Notes from the US: From hate speech to violence

Louis Further looks over the racist rhetoric and damaging actions which have been carried out in the land of the free over recent weeks.

Shortly after last month’s Midterm elections in a state with a history of racial killings, Mississippi, candidate Cindy Hyde-Smith made an astonishing comment when praising a supporter: “If he invited me to a public hanging, I’d be on the front row”. Her opponent was a black Democrat. Less than a fortnight after that, an image emerged of her dressed in Confederate clothing with Confederate artifacts; it had the caption ‘Mississippi history at its best!’ The use of Confederate imagery and references, of course, is considered racist and provocative because the 11 US Confederate States were those who seceded from the Union effectively in support of slavery during the Civil War in the 1860s. On November 27th a majority those in Mississippi who voted — in a higher-than-usual turnout – did so for Hyde-Smith. Another racist, white supremacist bigot was thus elected to the Senate.

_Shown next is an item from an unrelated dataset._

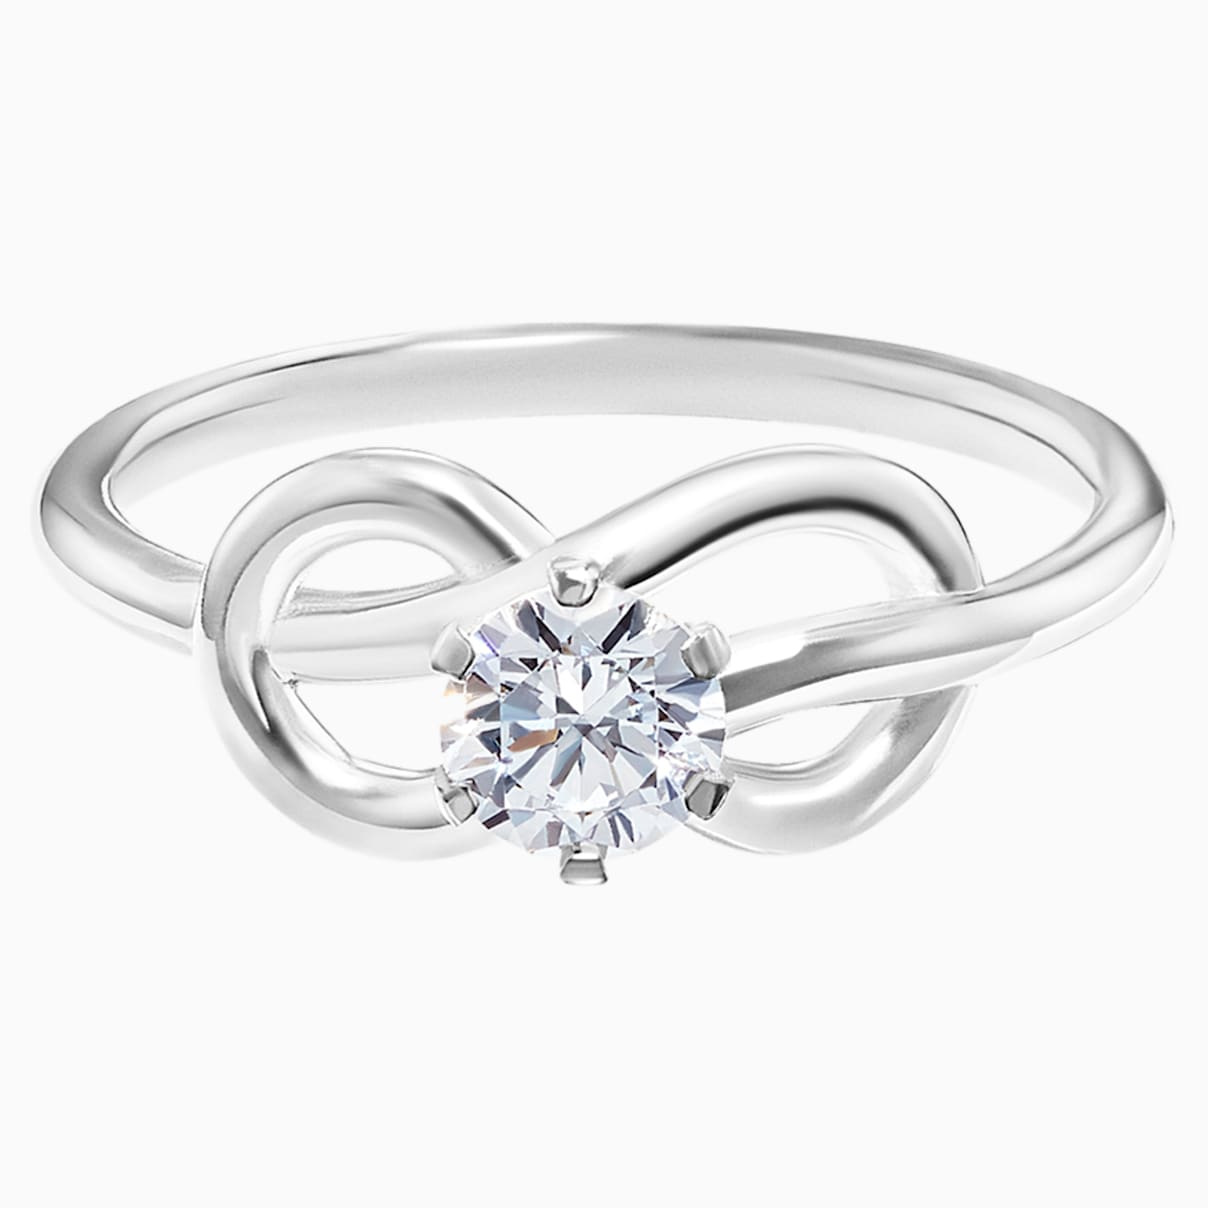 Knot of True Love Savoy Ring 0.25ct, Swarovski Created Diamonds, 18K White Gold, Size 58

We reported last month on the re-election of racist congressperson Steve King (Iowa). Days after his victory, the conservative media outlet The Weekly Standard released audio of which the following is a transcript rife with racial slurs:

King: “So, I guess I’m going to have to go get some dirt from Mexico to grow the next batch.

“Unidentified: “Trust me, it’s on its way.”King: “Well, yeah, there’s plenty of dirt. It’s coming from the West Coast, too, that and a lot of other places besides. This is the most dirt we’ve ever seen.”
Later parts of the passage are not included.